The CRISPR revolution and potential therapies

Prof. Crossley, who is also UNSW’s Deputy Vice-Chancellor, Academic & Student Life, adds that testing this concept before the introduction of CRISPR gene editing was difficult.

Our group has specialized in using this new technology to understand globin gene switching. Australia now has a significant number of people with either sickle cell disease or thalassemia. The work, supported by the National Health and Medical Research Council, is an important example of how the CRISPR gene editing revolution is accelerating scientific understanding and will deliver new therapies to the clinic."

Prof. Merlin Crossley, Deputy Vice-Chancellor, Academic & Student Life, University of New South Wales

According to the researchers, the data presented now advances the fundamental knowledge of the process behind sickle cell disease.

“What this really helps us to do is understand this process of turning off fetal globin and turning on adult globin and how we could reverse that, so that we can use this understanding of the mechanism to help us look for new therapeutic approaches—it’s a key piece of the puzzle,” A/Prof. Quinlan concludes.

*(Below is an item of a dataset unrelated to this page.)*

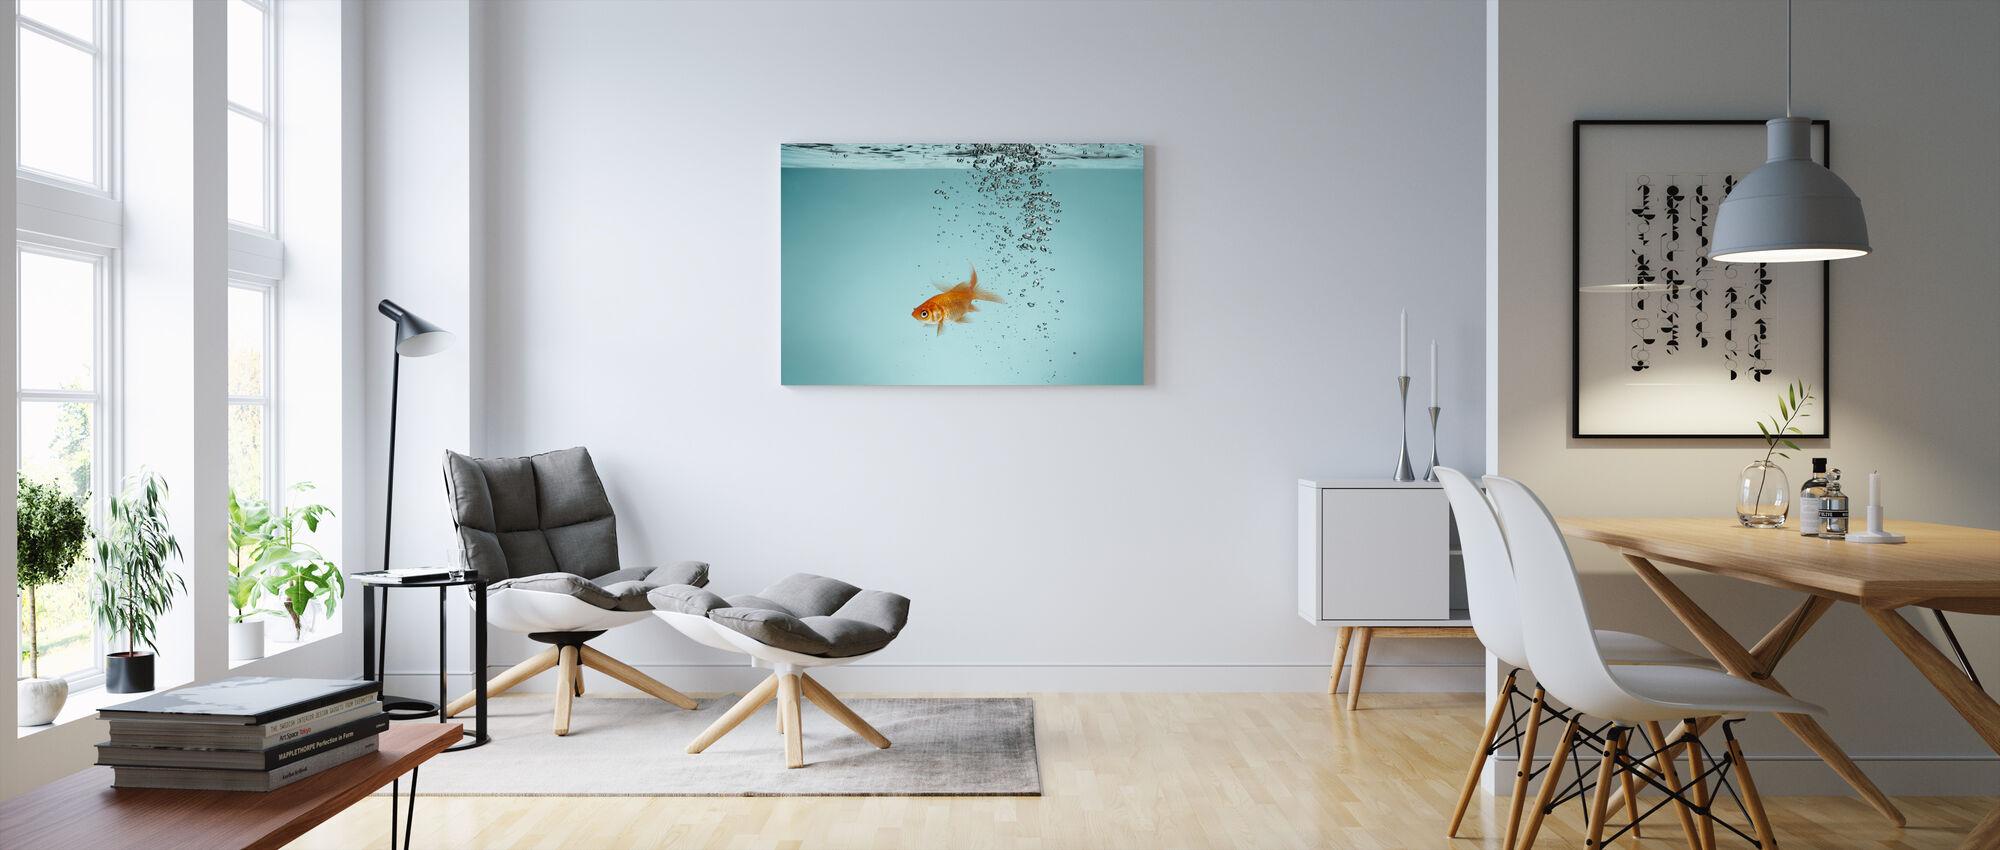 Ensamma Guldfisk - Canvastavla - Vardagsrum

Prof. Crossley’s team’s prior findings in the field are already guiding clinical studies, thanks to advantageous mutations uncovered in the past that might lead to therapies for certain diseases.

Prof. Crossley earned the Prize for Excellence in Medical Biological Sciences (cell and molecular, medical, veterinary, and genetics) at the 2020 NSW Premier’s Prizes for Science and Engineering for his work in the field.